EXERCISE DESCRIPTION = Please repeat only the lines below starting at the line that holds "שנה סינית חדשה שמחה!" and ending at the line that holds "Regras do Jogo de Dama.pdf - Webnode", exactly, with both of those lines included and every picture omitted.
(RECORDS PROVIDED)
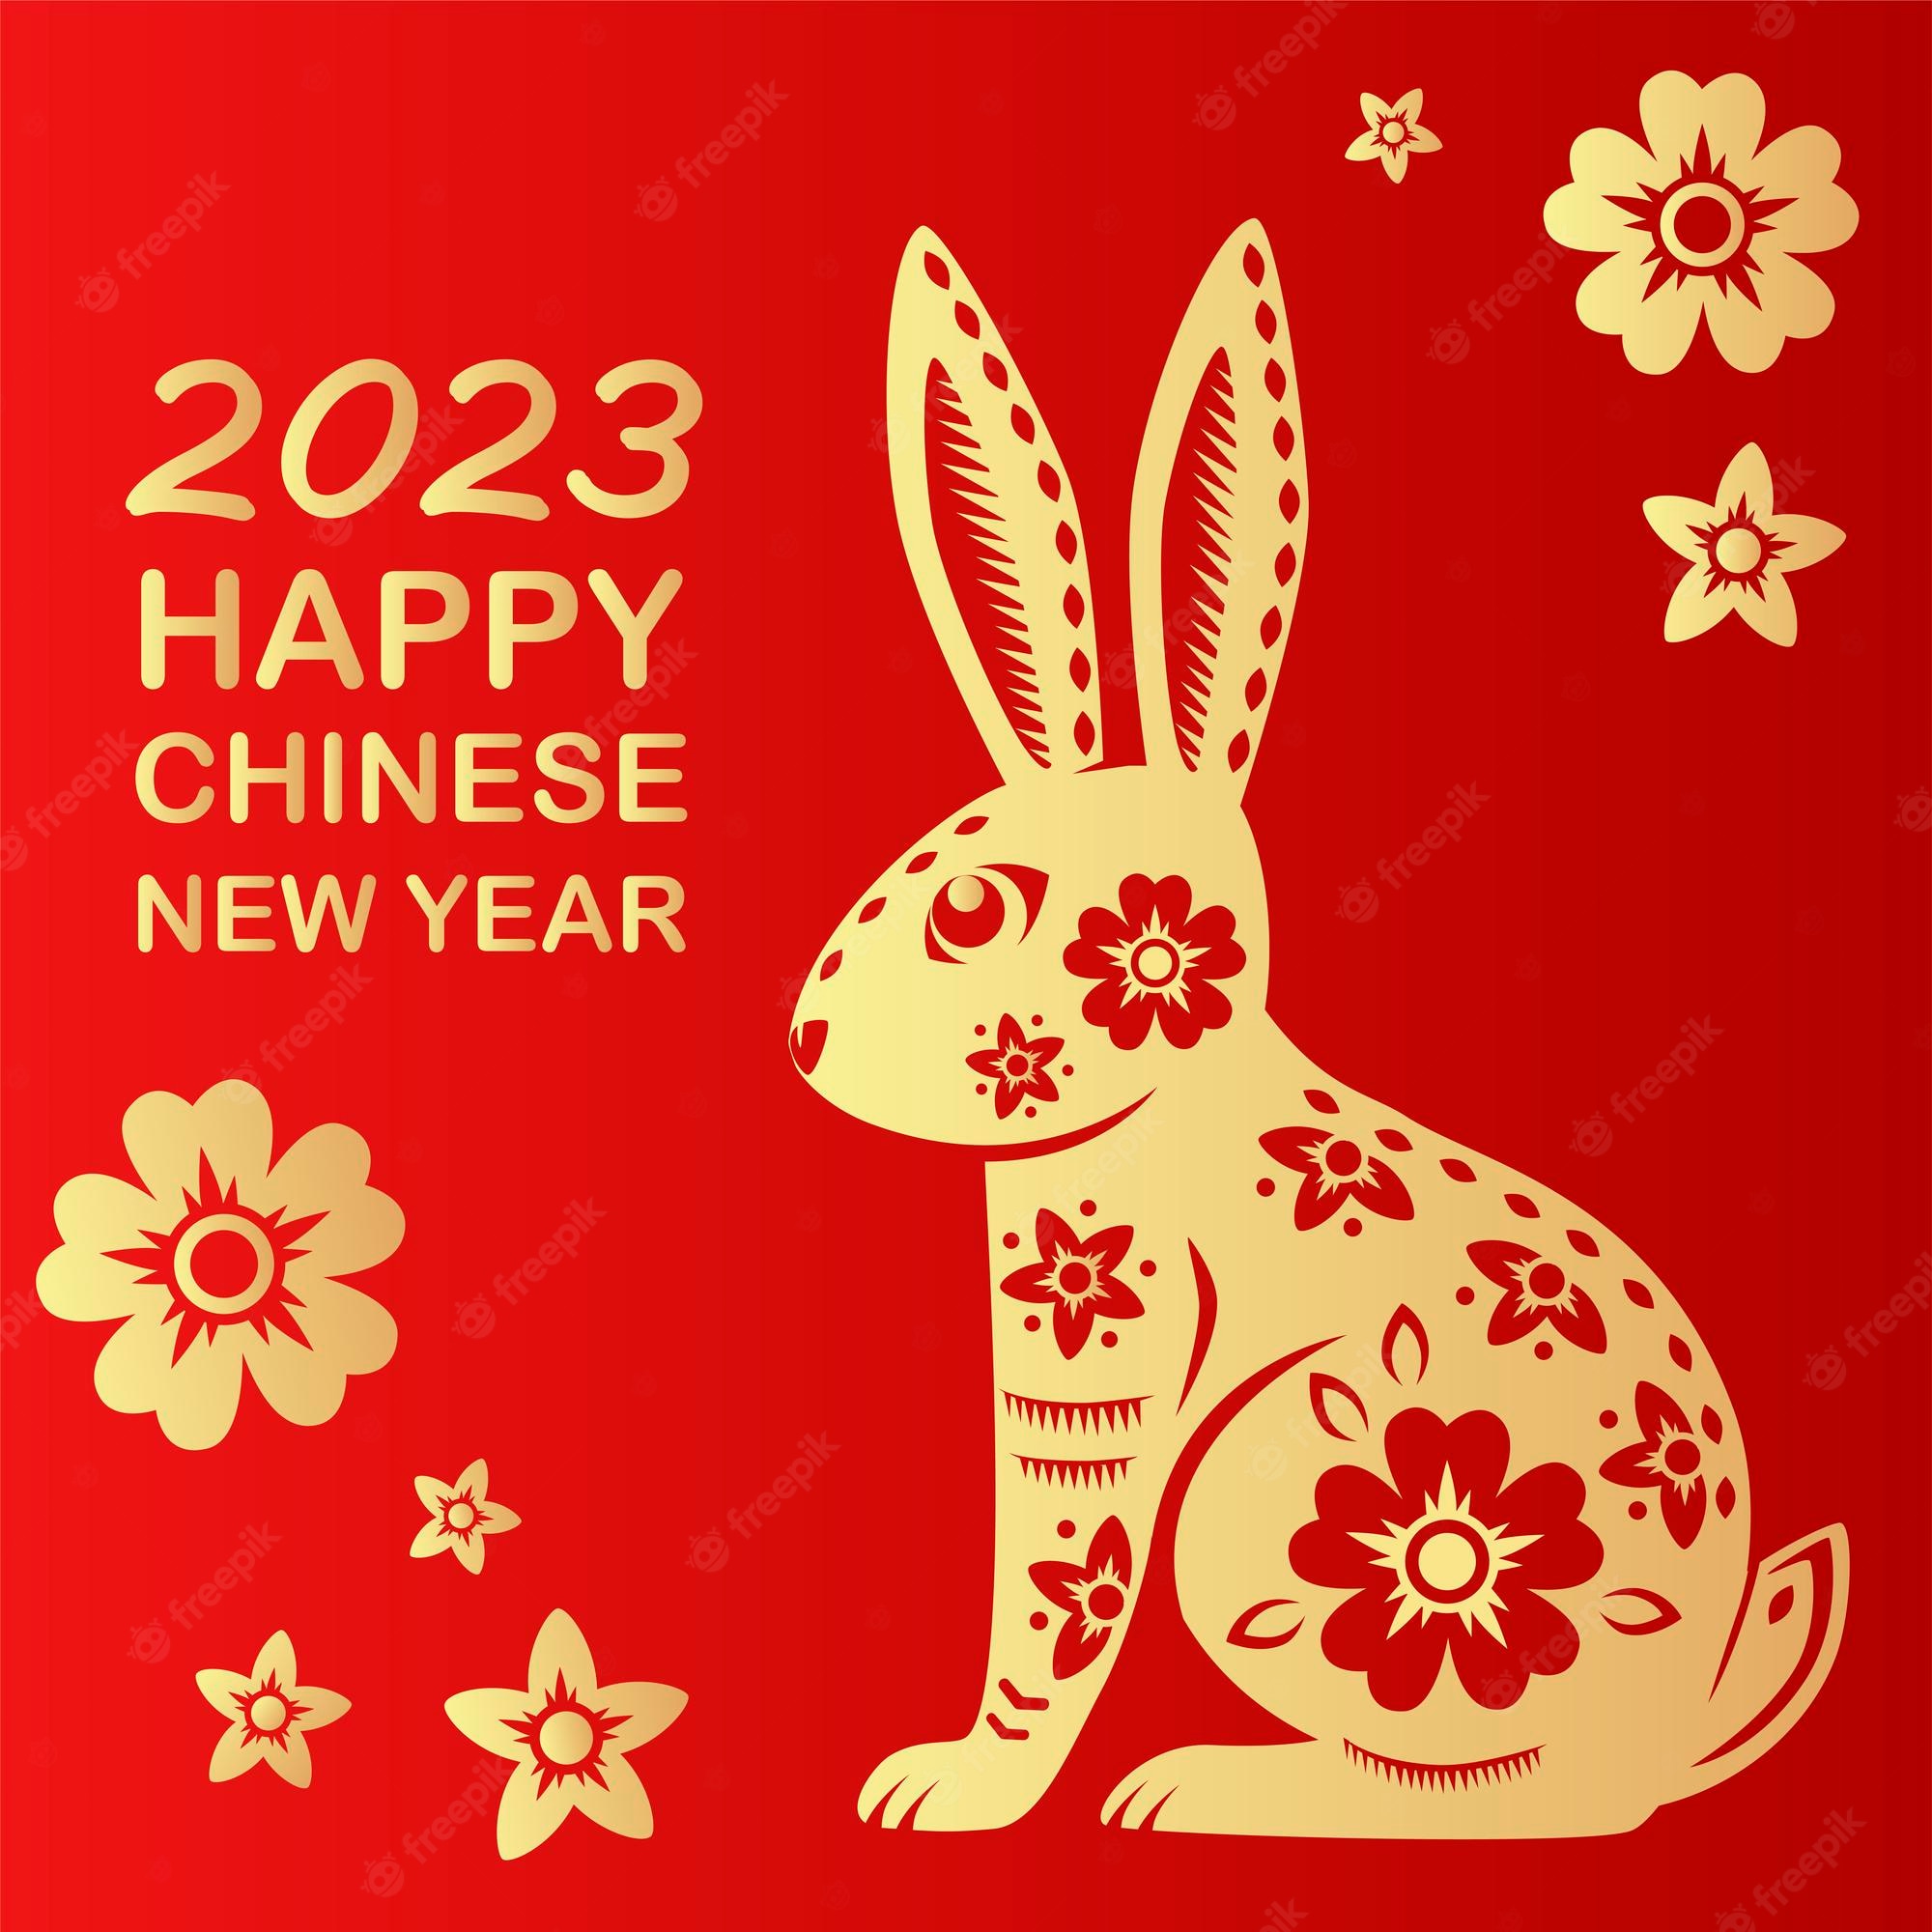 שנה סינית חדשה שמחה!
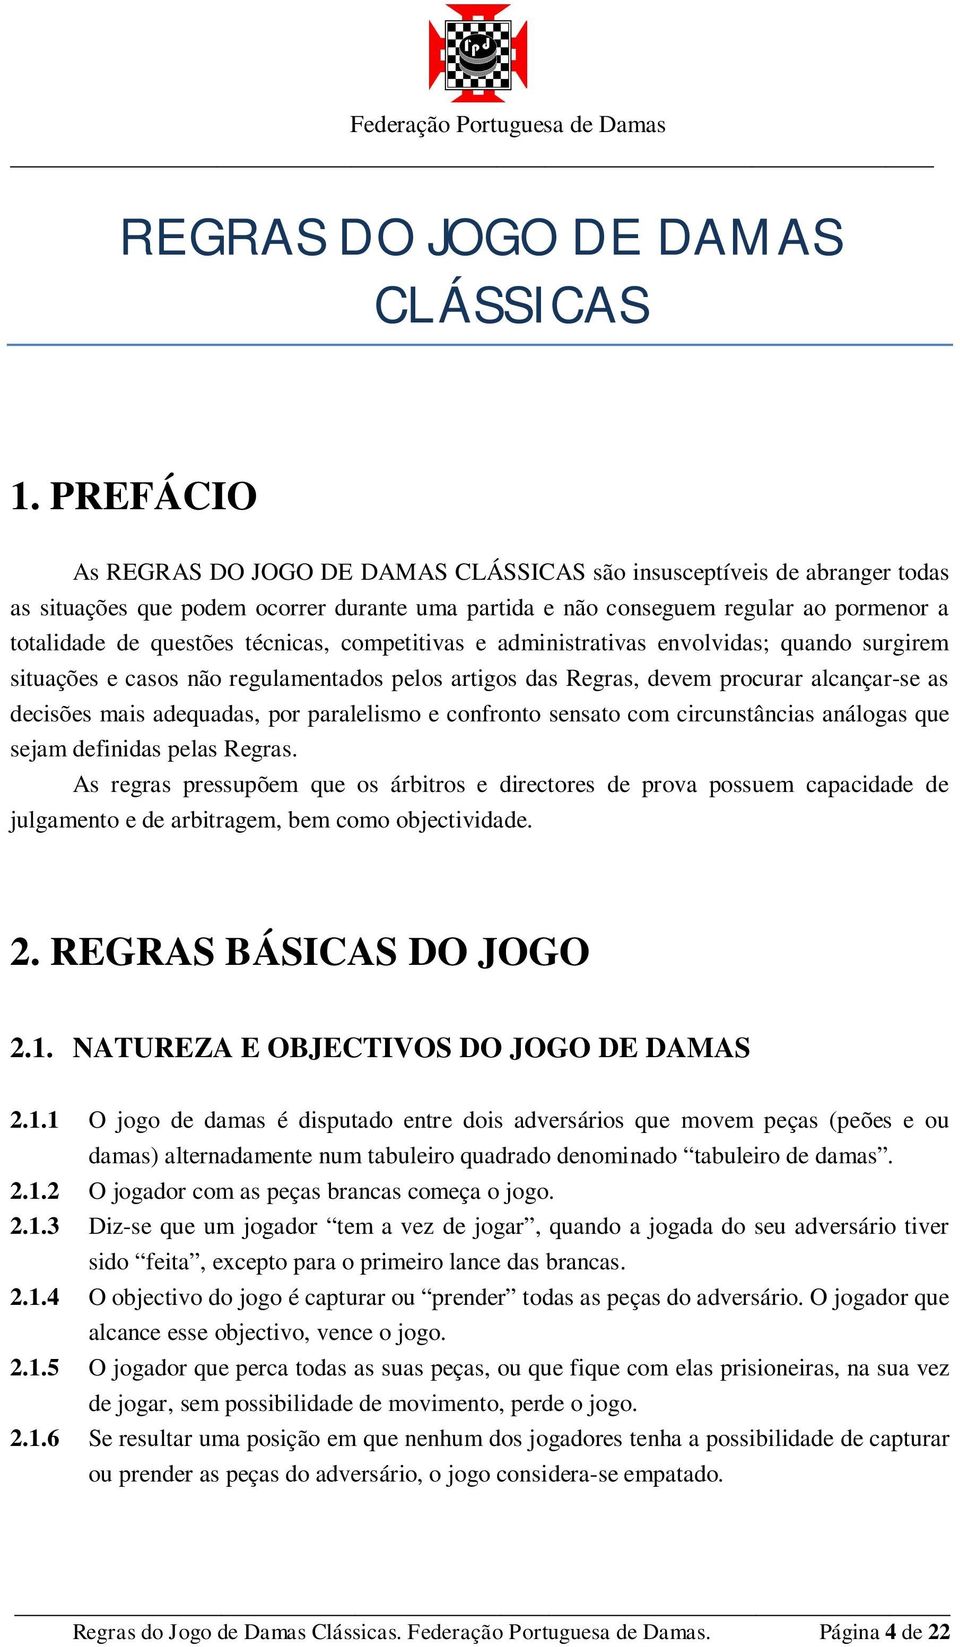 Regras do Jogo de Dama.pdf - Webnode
(End RECORDS PROVIDED)
(RECORDS PROVIDED)
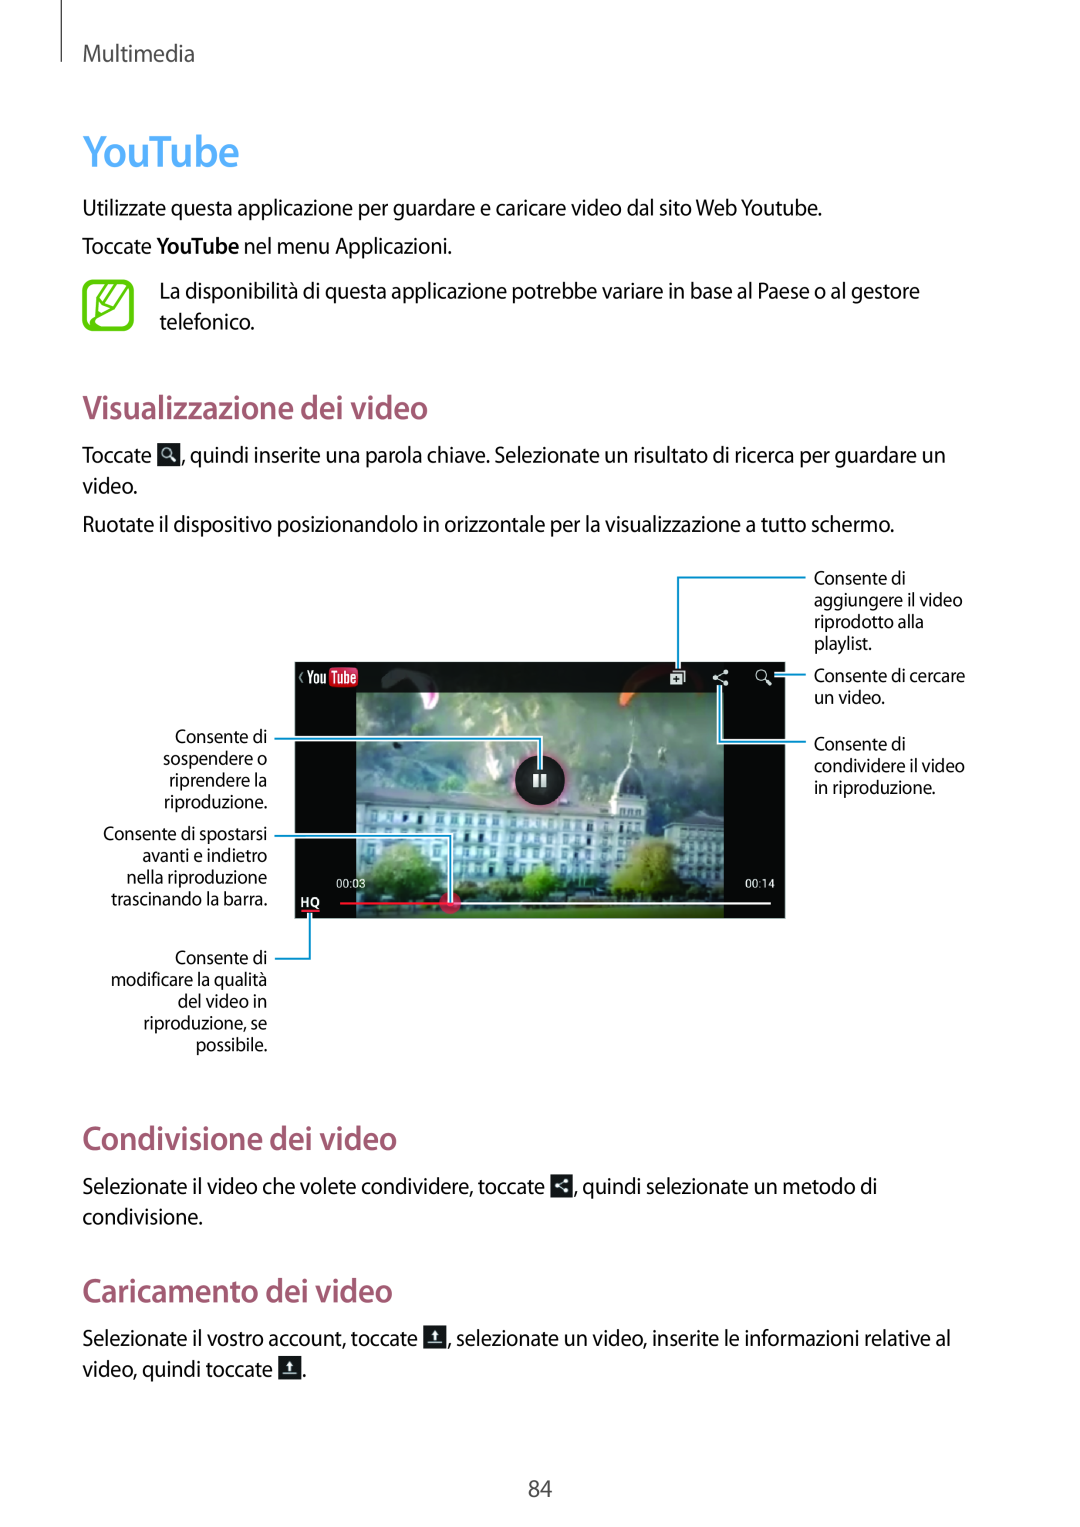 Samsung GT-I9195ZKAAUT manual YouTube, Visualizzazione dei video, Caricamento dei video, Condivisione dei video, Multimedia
(End RECORDS PROVIDED)
SOLUTION FOR THIS TASK =
 שנה סינית חדשה שמחה!
 Regras do Jogo de Dama.pdf - Webnode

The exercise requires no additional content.